Tomorrowdawn commented 1 month ago

Excellent work beyond my imagination! I fully understand now; it seems it's time to 'talk is cheap, write some code' :D

In some sense, you can imagine that the "bulk" of FlexAttention's performance comes from a block-sparse flashattention implementation (that doesn't require torch.compile at all - we wrote it in Triton, but it could also be written in say, CUTLASS)

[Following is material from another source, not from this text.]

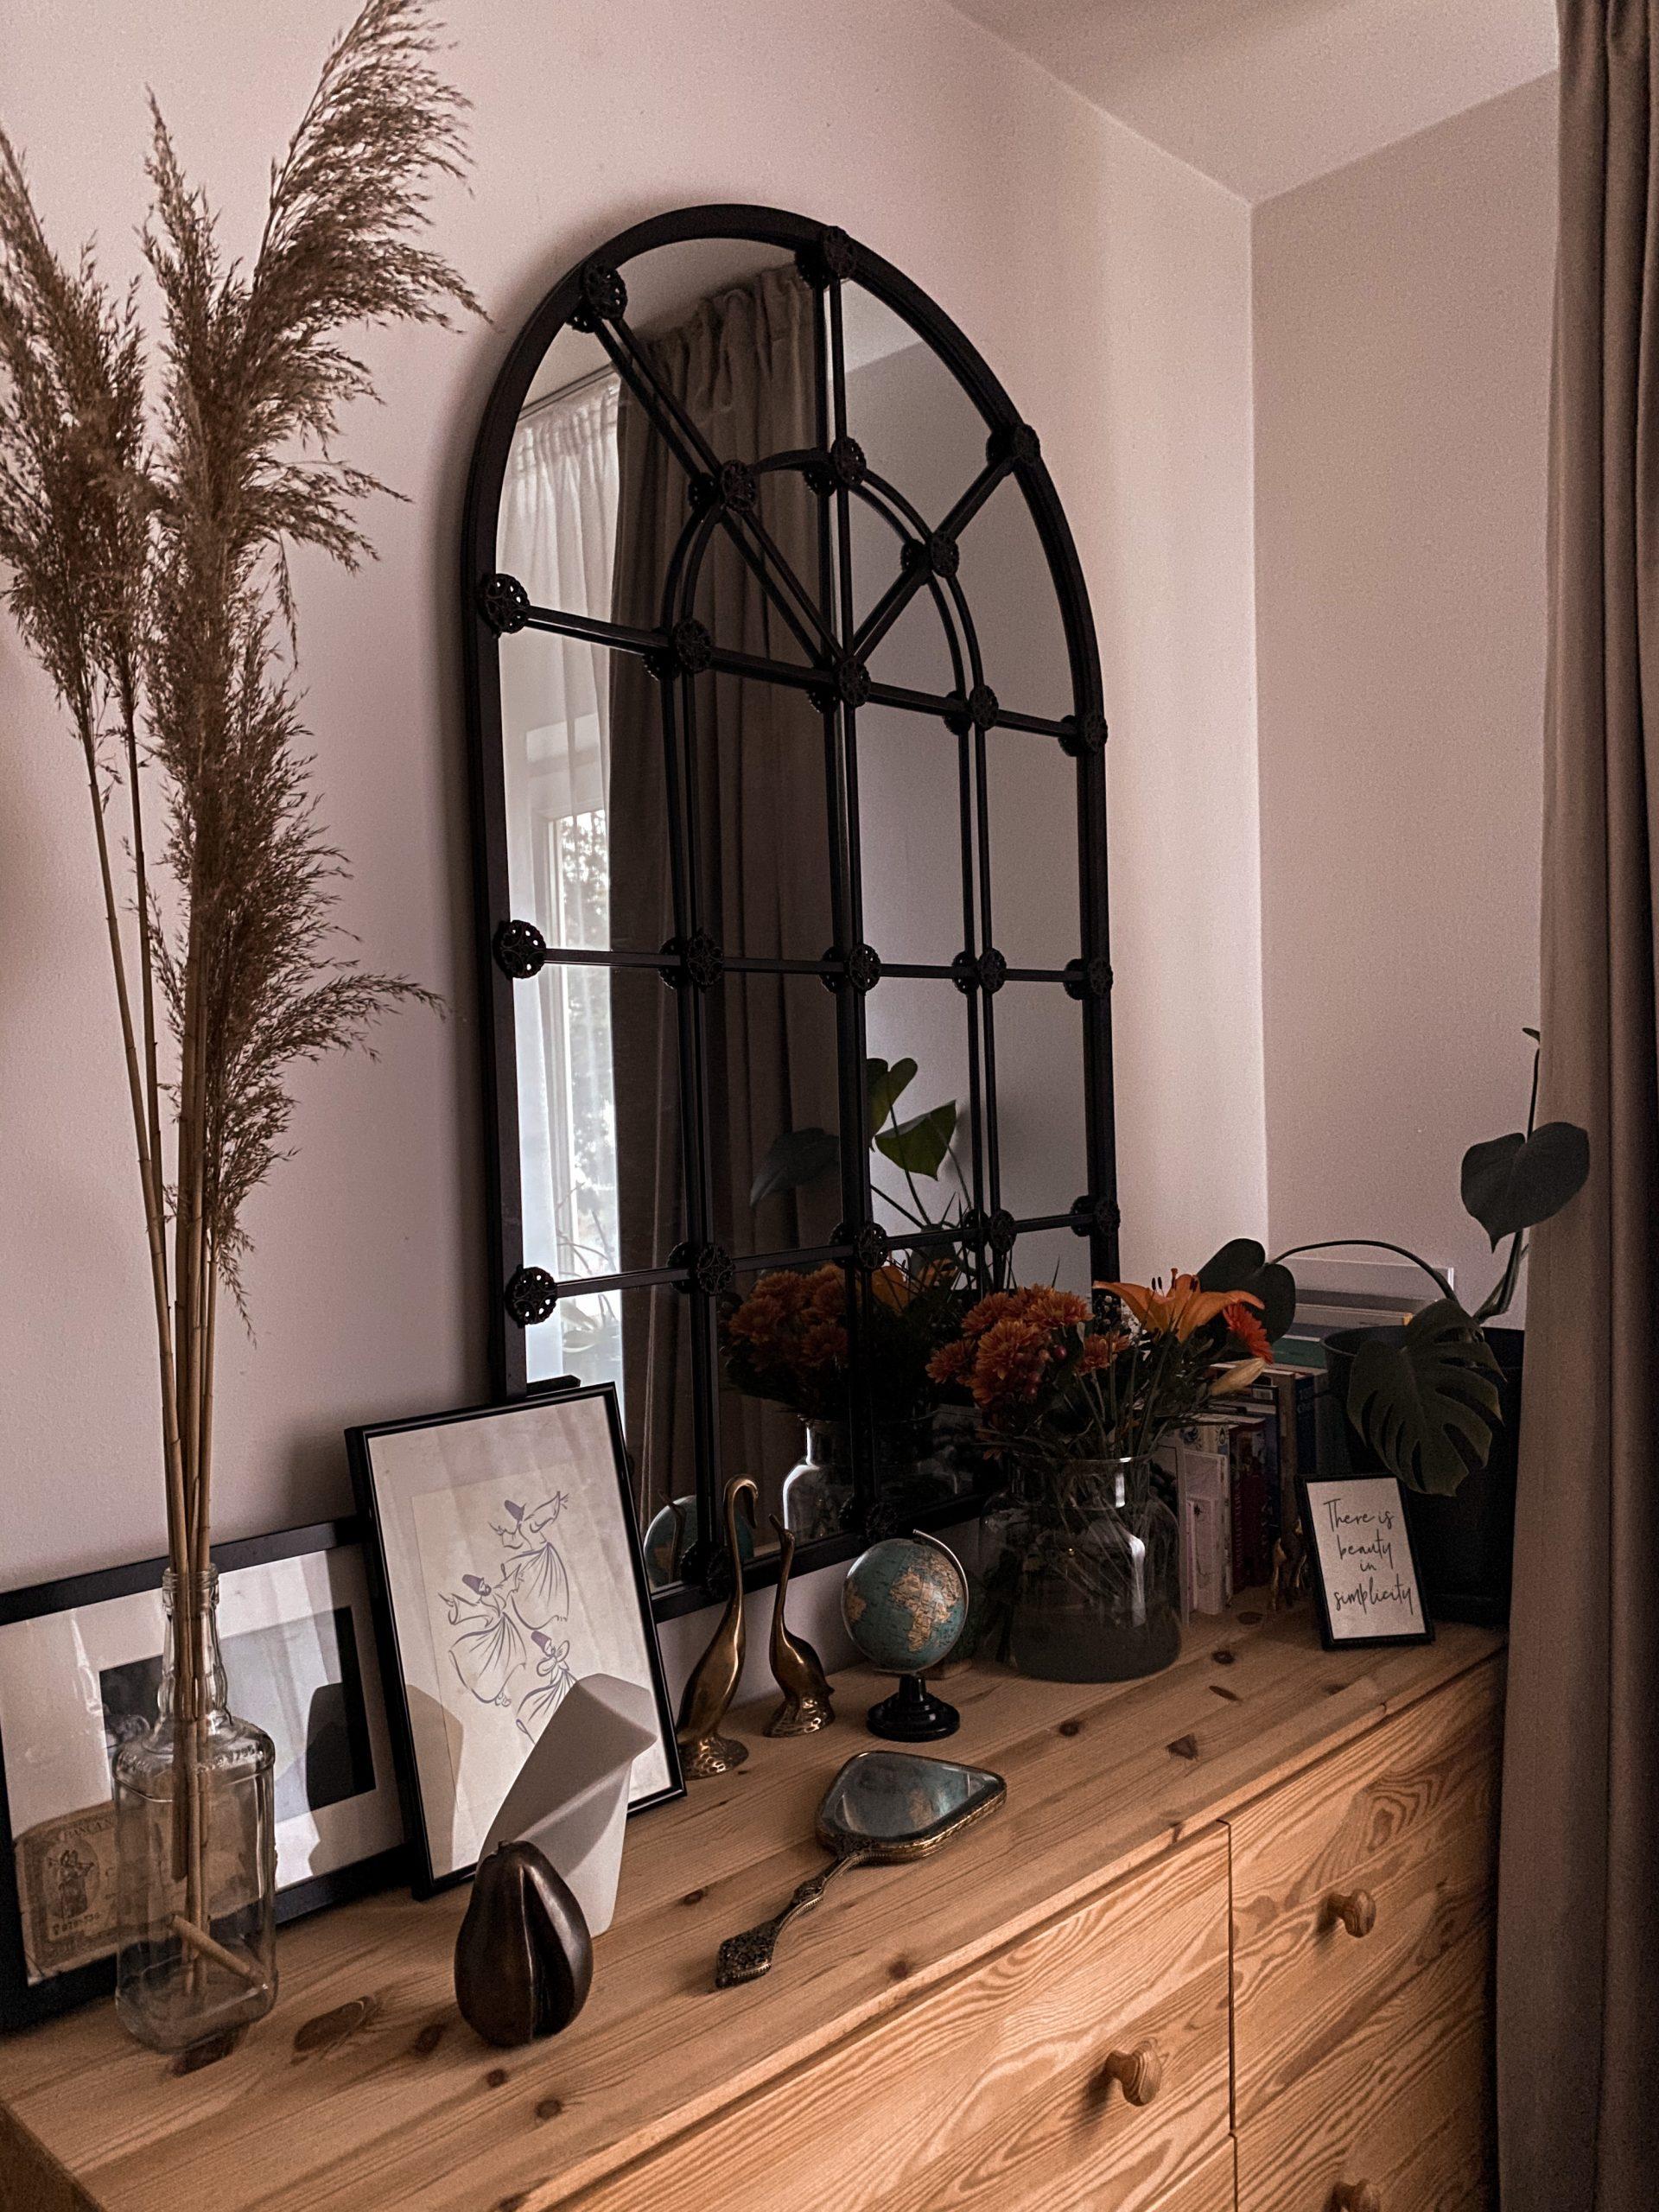 display amintiri roxana

Looking forward to your next blog post! Perhaps you could describe the implementation of FlexAttention a bit there, as it seems like magic from just the existing blog. Attention is a somewhat low-level tool, and for its users, using black-box implementations often leads to excessive worry (just like I did before XD)

I'm very interested in rewriting vllm backend using FlexAttention, but since vllm involves speculative decoding and paged memory, creating a completely transparent backend might not be that easy to accomplish.